Reference no: EM132320204 , Length: word count : 1500
Answer the following Questions:
1) In What Does it All Mean, Thomas Nagel reflects on the possibility that "you, the subject of experience, are the only thing that exists, and there is no physical world at all - no stars, no earth, no human bodies" (p. 10). What argument does Nagel provide in favour of this possibility? After outlining his argument, answer the question he raises at the conclusion of his chapter: "If you can't prove that anything exists outside your own mind, is it all right to go on believing in the external world anyway?" (p. 18).
2) Explain why "merely getting it right" is not enough for knowledge with reference to the discussion in Duncan Pritchard's What is this Thing Called Knowledge? (pp. 5-7 of the Week Two reading). Pick one of the other course readings and describe how its approach to knowledge can help us understand what it means to justify our beliefs.
3) Jose Medina argues that in situations of oppression, "epistemic relations are screwed up" ("Active Ignorance, Epistemic Others, and Epistemic Friction," p. 27). Describe what he means with reference to his concept of ‘active ignorance.' Can this help us understand the impact of forms of oppression like sexism or racism?
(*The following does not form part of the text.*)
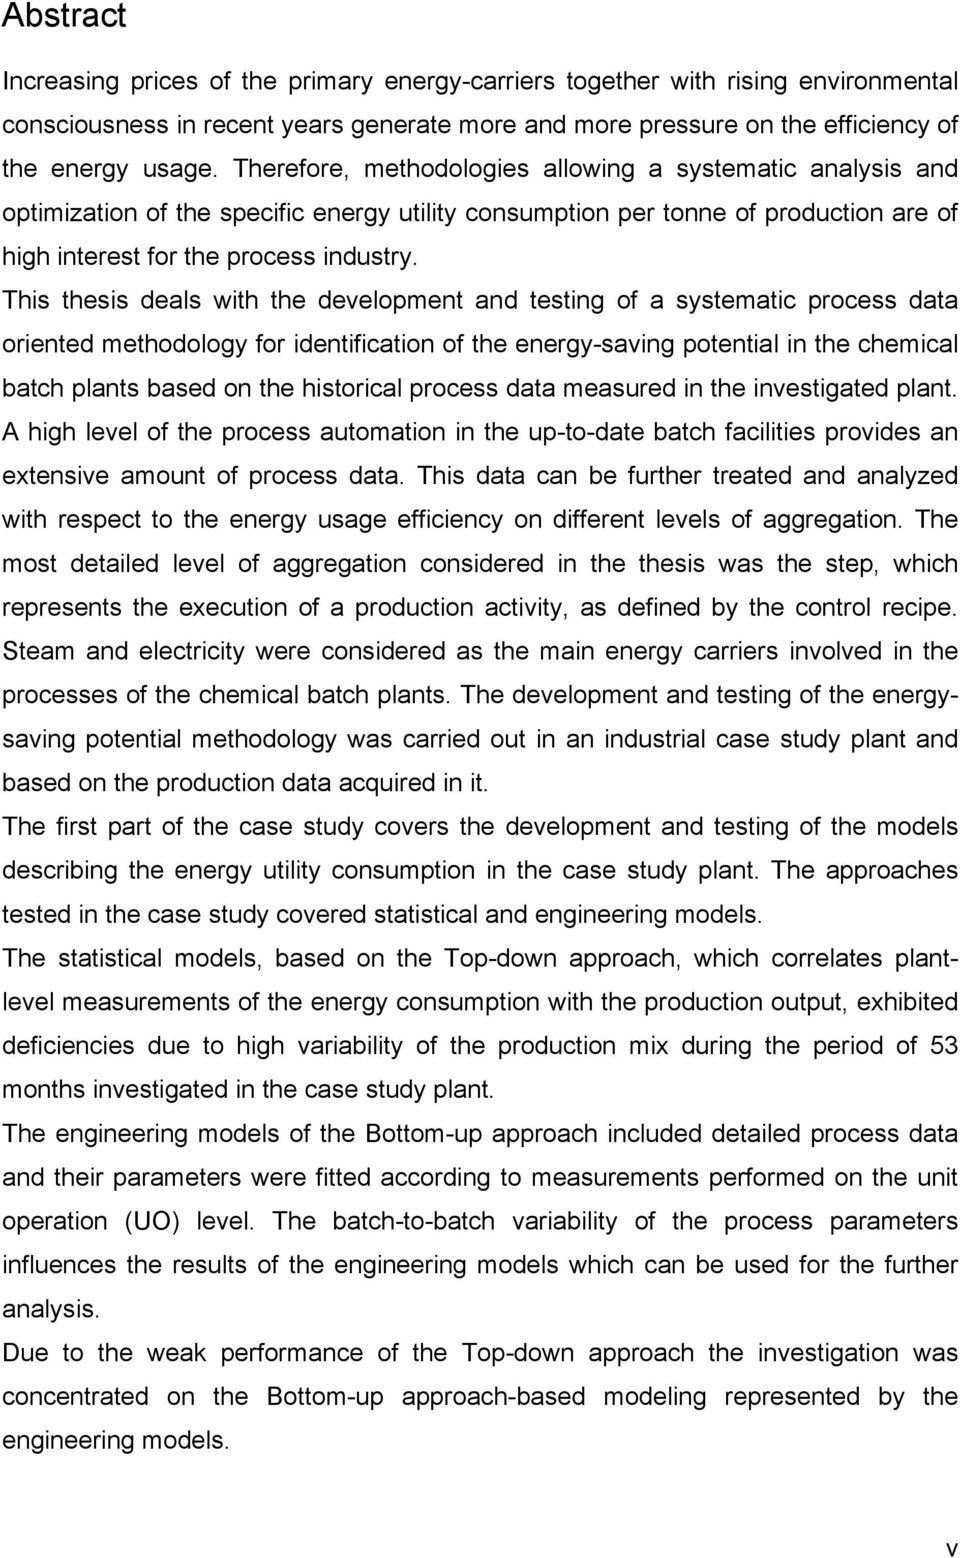 This thesis deals with the development and testing of a systematic process data oriented methodology for identification of the energy-saving potential in the chemical batch plants based on the
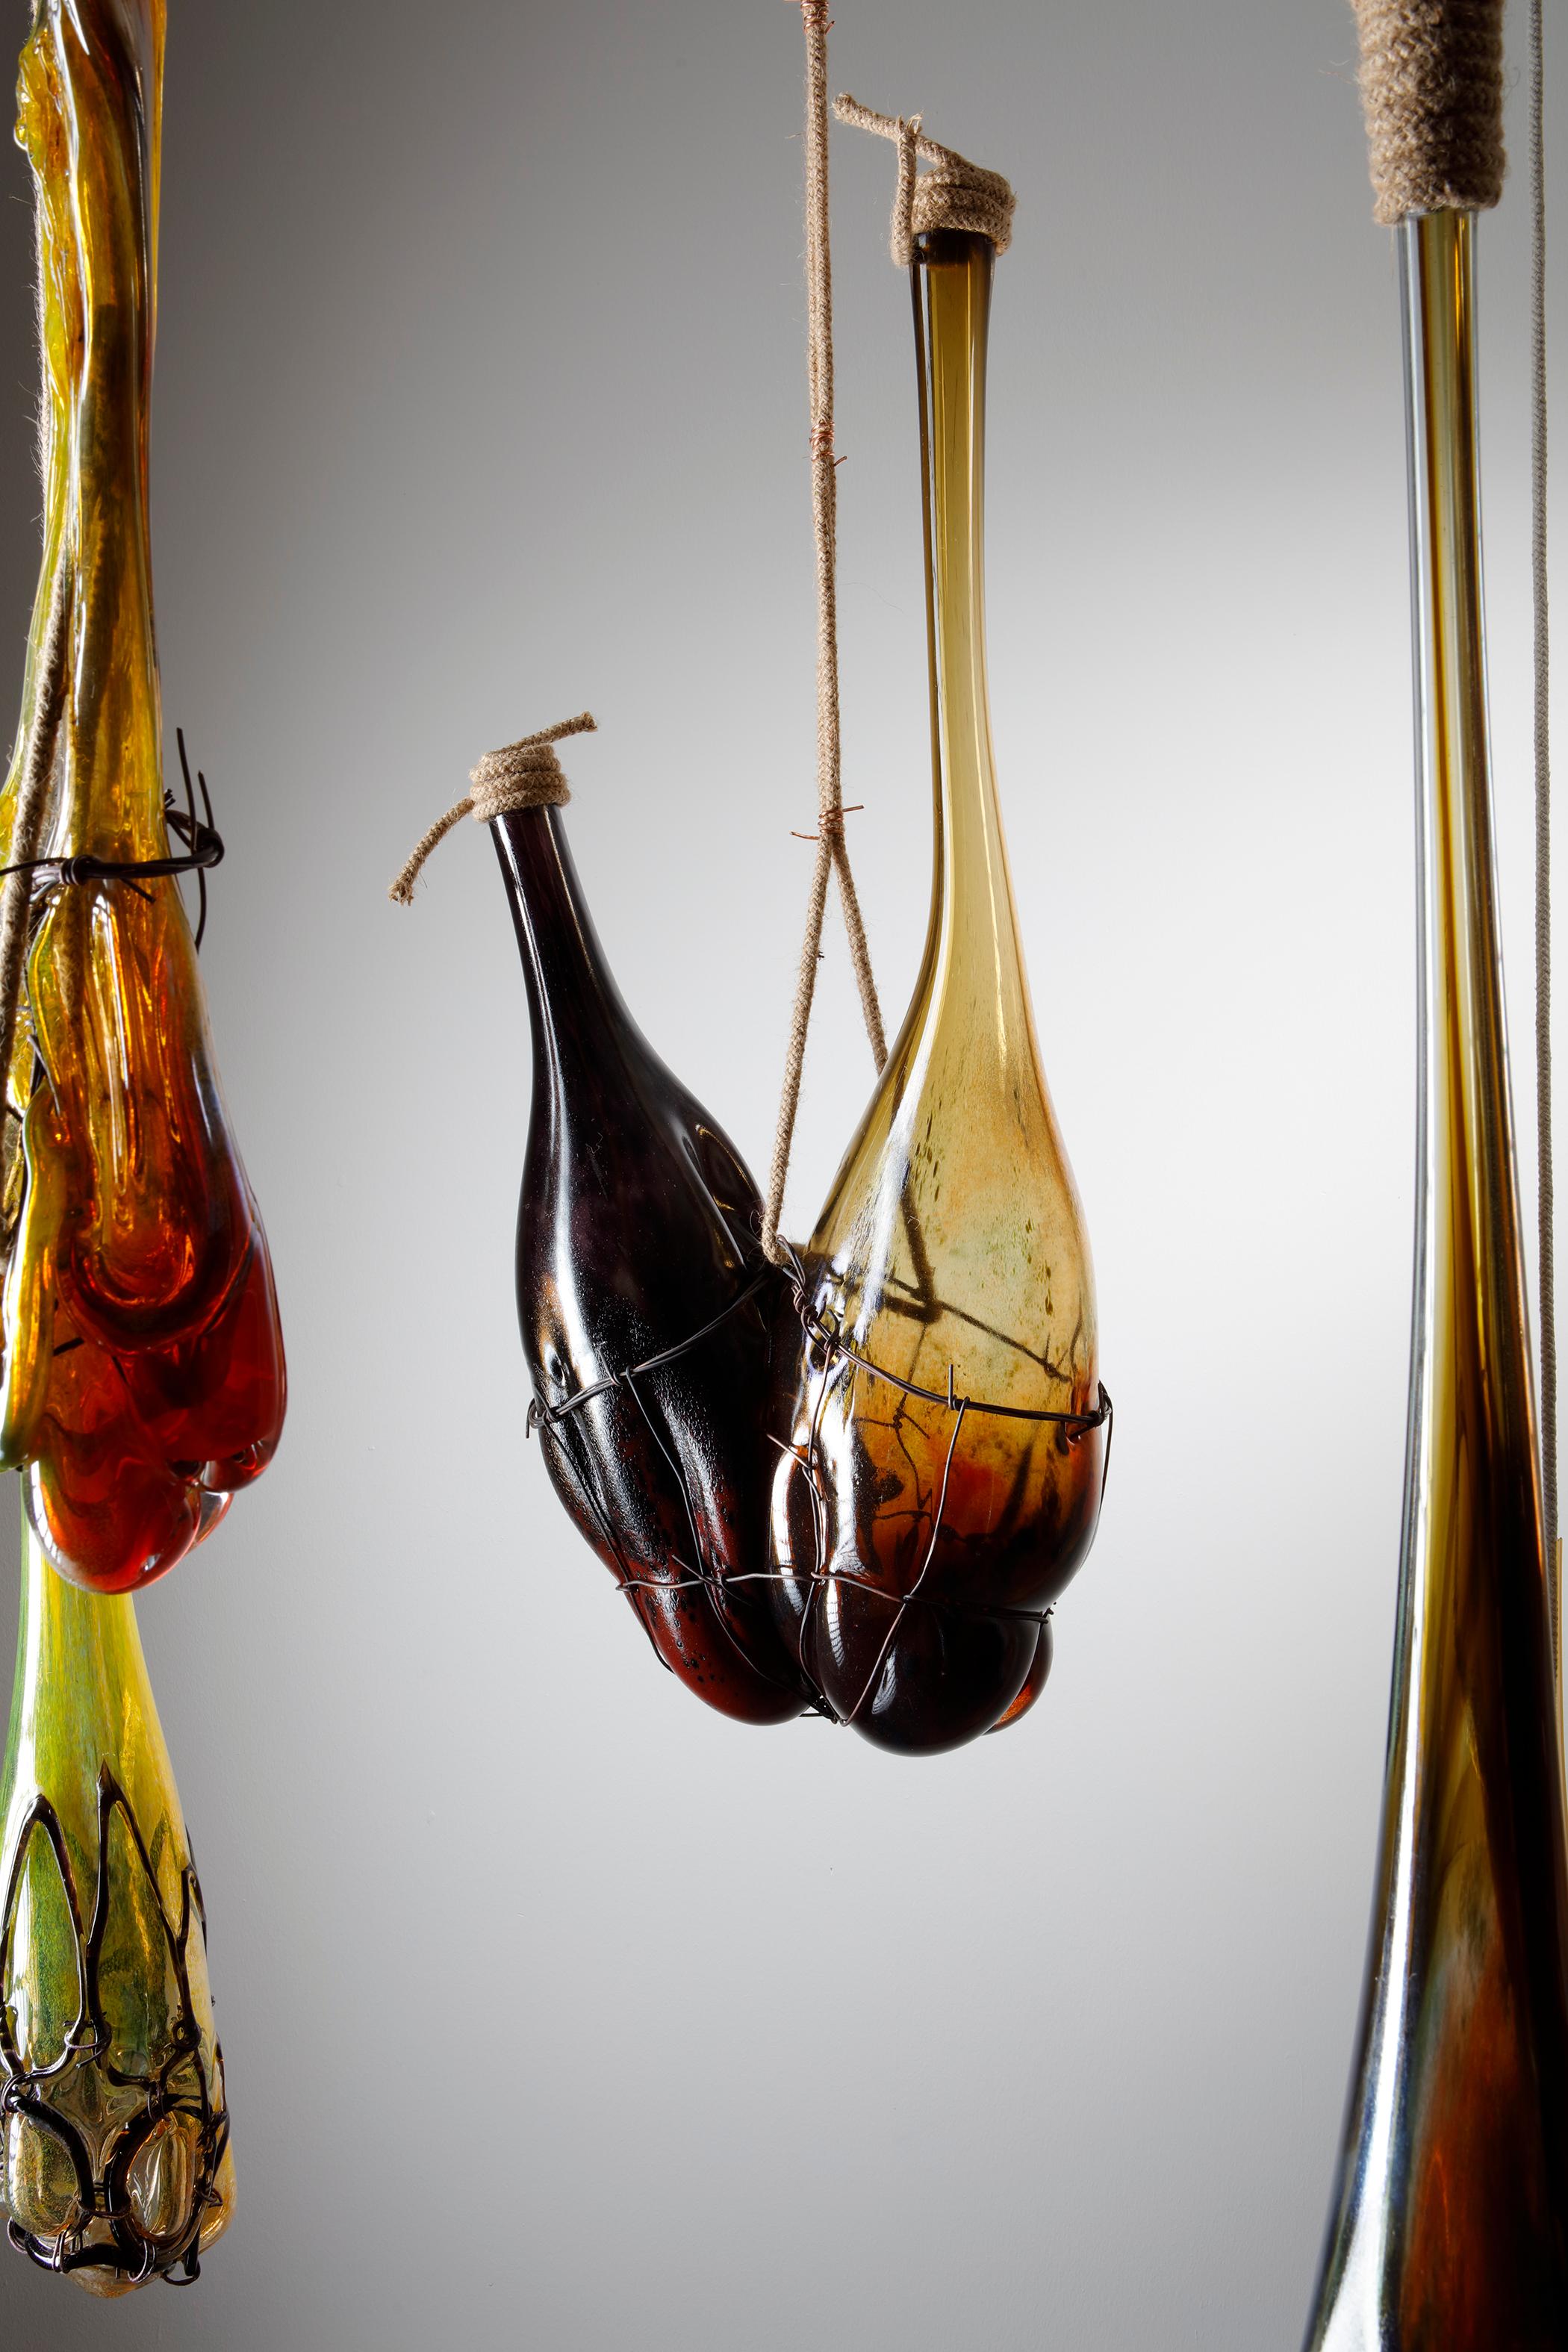 Hand-Crafted Strange Fruit Installation, a Unique Glass Hanging Sculpture by Chris Day For Sale

4) Explain Miranda Fricker's concept of "hermeneutical injustice" with reference to a real world example of injustice. Can Fricker's concept help illuminate it?
5) Describe Cora Diamond's critique of standpoint theory. Is her critique convincing?
6) Compare and contrast the understandings of Indigenous knowledge presented in Bruce Pascoe Dark Emu and Martin Nakata's "The Cultural Interface." Can their accounts help us understand the status of Indigenous knowledge in contemporary Australia?
7) Pick one of the texts from our weeks on religious knowledge or knowledge and creative practice. Contrast the kind of knowledge described in that text with the understanding of scientific knowledge Duncan Pritchard develops from his analysis of the Overton judgment in the Week Four text on scientific knowledge. What are the differences between this kind of knowledge and scientific knowledge, on Pritchard's account of the latter? Might this kind of knowledge have validity even though it is not scientific?
8) Pick one of our Week Twelve readings and describe how it theorises the impact of digital technologies on traditional understandings of knowledge. Should we welcome the changes to knowledge production described in the text? Why or why not?